2. Direct consumers should be able to understand all formats

For example, pandas could implement a from_dataframe function to create a pandas dataframe from different formats:

import pandas

def from_dataframe(dataframe):
    known_formats = {'numpy': lambda df: pandas.DataFrame(df),
                     'arrow': lambda df: df.to_pandas()}

    exchange_dataframe = dataframe.__dataframe__()
    for format_ in known_formats:
        try:
            data = getattr(exchange_dataframe, f'to_{format_}')()
        except NotImplementedError:
            pass
        else:
            return known_formats[format_](data)

    raise RuntimeError('Dataframe does not support any known format')

pandas.from_dataframe = from_dataframe

This would allow pandas user to load data from other formats:

pandas_df_1 = pandas.from_dataframe(vaex_df)
pandas_df_2 = pandas.from_dataframe(modin_df)

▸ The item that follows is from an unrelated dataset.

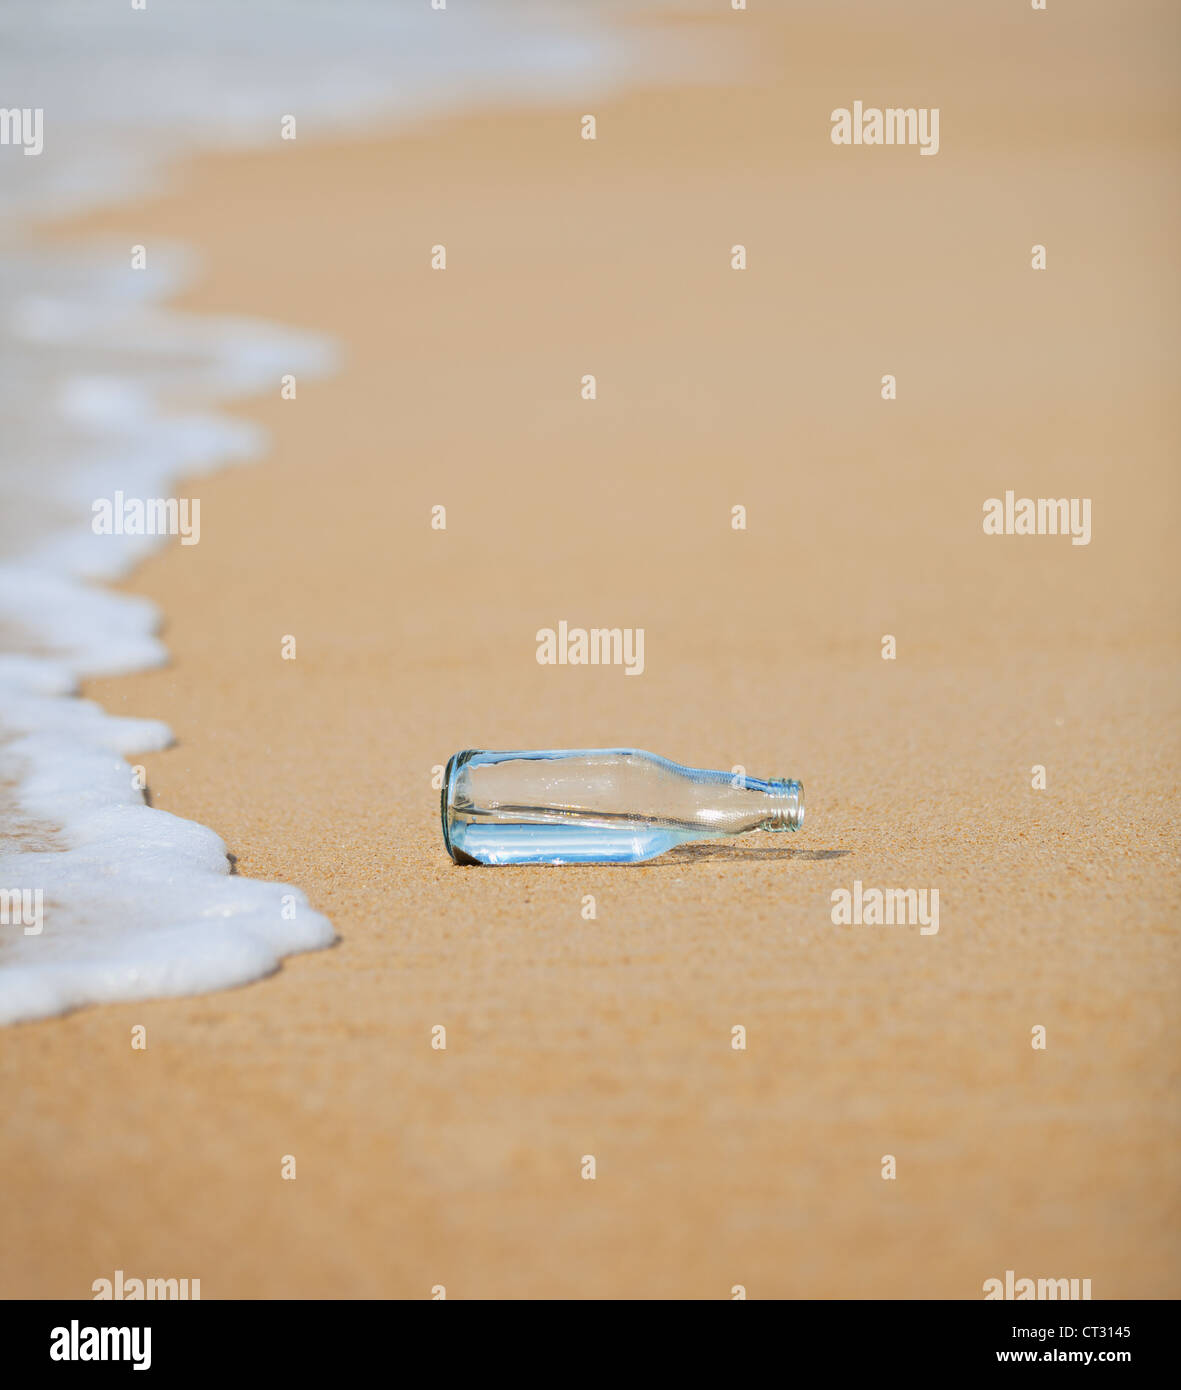 Eine leere Flasche am Strand Stockfoto

Vaex, Modin and any other implementation could implement an equivalent function to load data from other libraries into their formats.

3. Indirect consumers can pick an implementation, and use it to standardize its input

For example, Seaborn may want to accept any dataframe implementation, but wants to write its code in pandas (the access to the data). It could convert any dataframe to pandas, using from_dataframe from the previous section:

def seaborn_bar_plot(any_dataframe, x, y):
    pandas_df = pandas.from_dataframe(any_dataframe)
    return pandas_df.plot(kind='bar', x=x, y=y)

seaborn_bar_plot(vaex_df, x='name', y='github_stars')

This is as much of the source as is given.